Want a migraine? Have a distributor failure that allows the resin to pass into a home. Not only do you have to repair the system, but the real entertainment is trying to get all the resin out of the house. The resin likes to settle in the water heater, but when you open the drain valve, the resin will stir up and only partially drain from the valve. You have to wait for the resin to settle again to the bottom and repeat the process until the resin is extracted. Transport the system in a vertical position or load the media on site to avoid a world of frustration. If you find that the resin beads to service are consistently very small, check for a system that is plumbed in backwards. Don’t be a hard head and insist that it is plumbed correctly. Water flowing up flow to service will lift the resin fines up to and through the slots of the top screen and into the service flow.
Calculating Water Flow
Hard water is often intermittent. You may find soft water after a system regenerates, but hard water before the calculated regeneration takes place. Last time we covered how to make reasoned, realistic capacity calculations. If all your calculations make sense and everything checks out from an operational standpoint, take a look at another possibility.
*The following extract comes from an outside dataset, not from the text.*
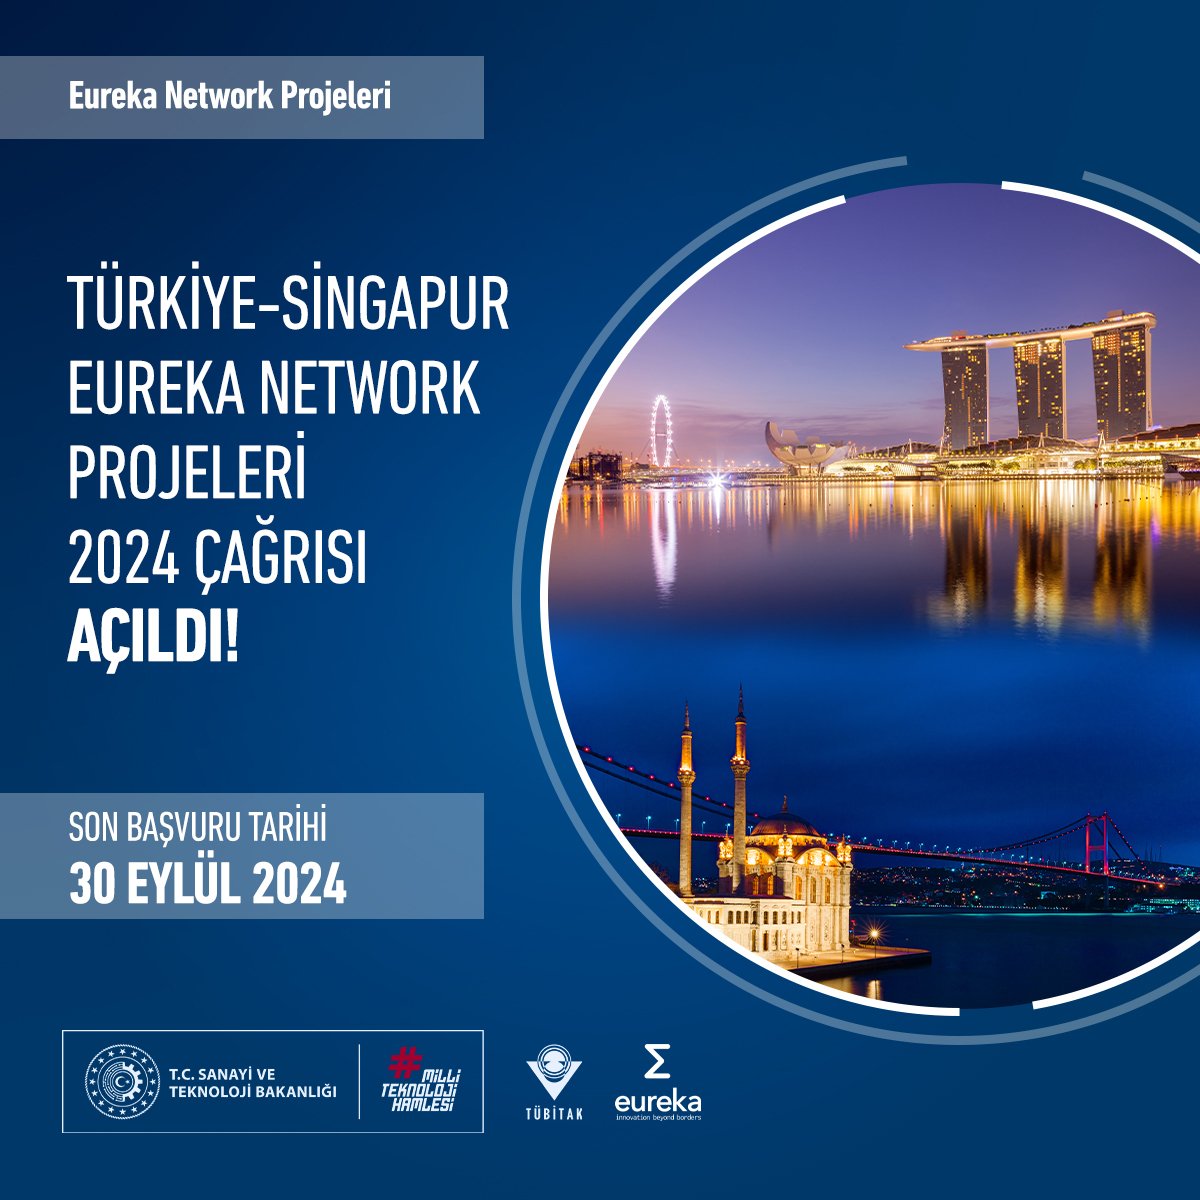 📢 Türkiye-Singapur Eureka Network Projeleri 2024 Çağrısı açıldı! Çağrı kapsamında; ⚙️ Tüm teknoloji ve pazar alanlarında yenilikçi ürün, süreç veya hizmet geliştirilmesine odaklanan, 💼 Güçlü pazar potansiyeline sahip ve aynı zamanda pazar için çözümler üretmeyi hedefleyen,
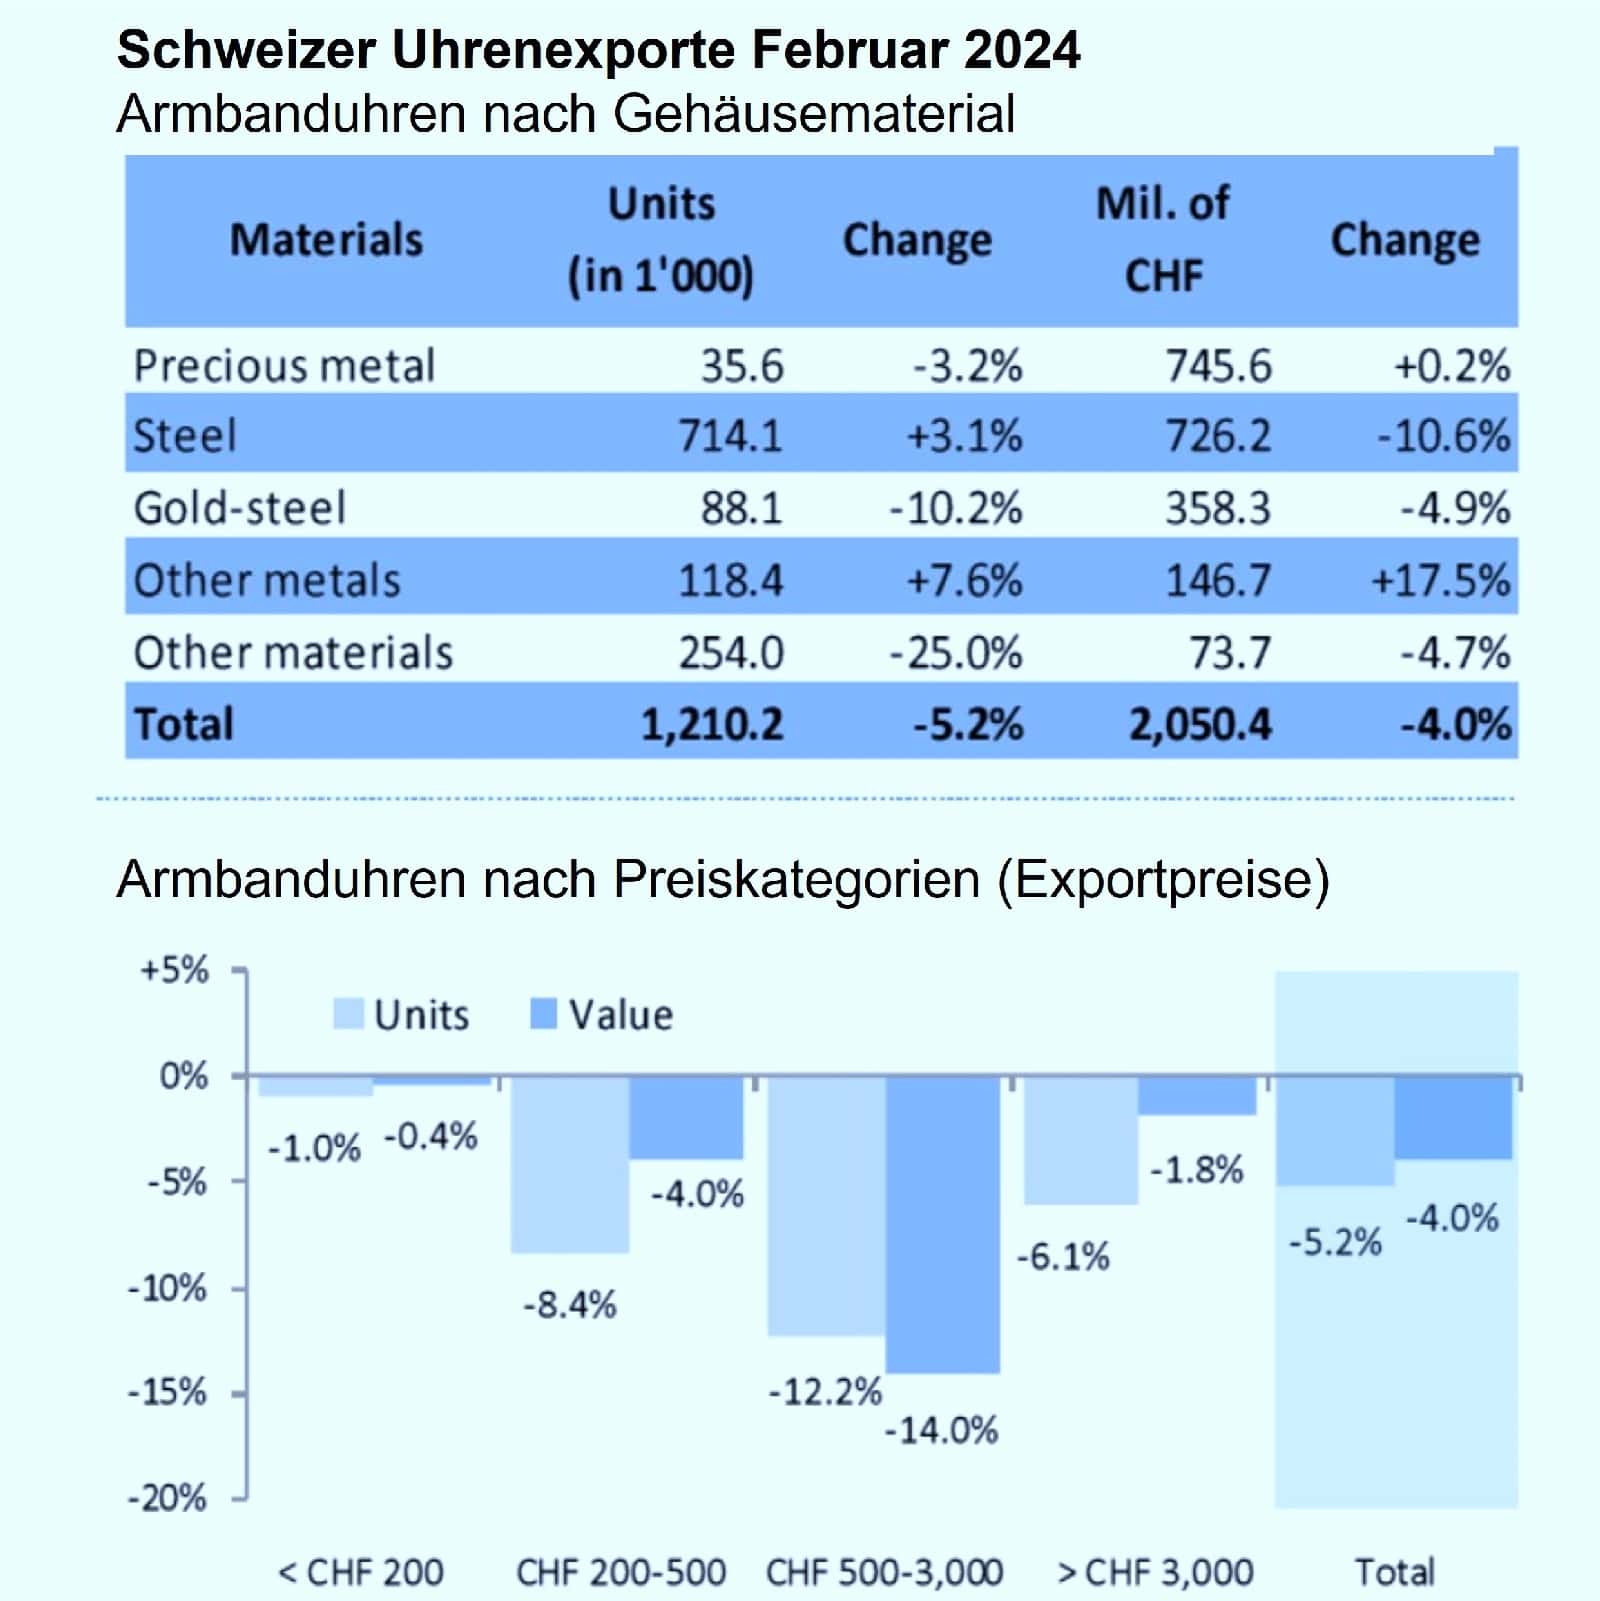 Schweizer Uhrenexporte Februar 2024 Materialien und Preiskategorien (FH)

Hopefully we are no longer using time clock softener systems initiated by a set number of days; these are anathema except in a few specific applications. Most modern systems use a flow meter to count the volume of water used in order initiate the regeneration, at least in theory, just before exhaustion of the systems capacity occurs. Most residential systems can count water flows down to about 0.25 gal per minute (gpm). This seems perfectly adequate, as not many water flow demands fall under this parameter. However, a small leak in a toilet float, faucet or any of a number of other water devices can lead to a huge water flow disparity. A continuous leak of just 0.05 gpm will result in a loss of 72 gal per day of softened water. This is like adding an extra person to the family and not counting their water use. Put on your Johnny Dollar detective hat and correct any small leaks. If you don’t take this extra step, the user will look to you for answers as to why the softener does not maintain soft water at the expected capacity.
Practice these troubleshooting steps and watch your return calls diminish, while your customer service satisfaction and profits increase.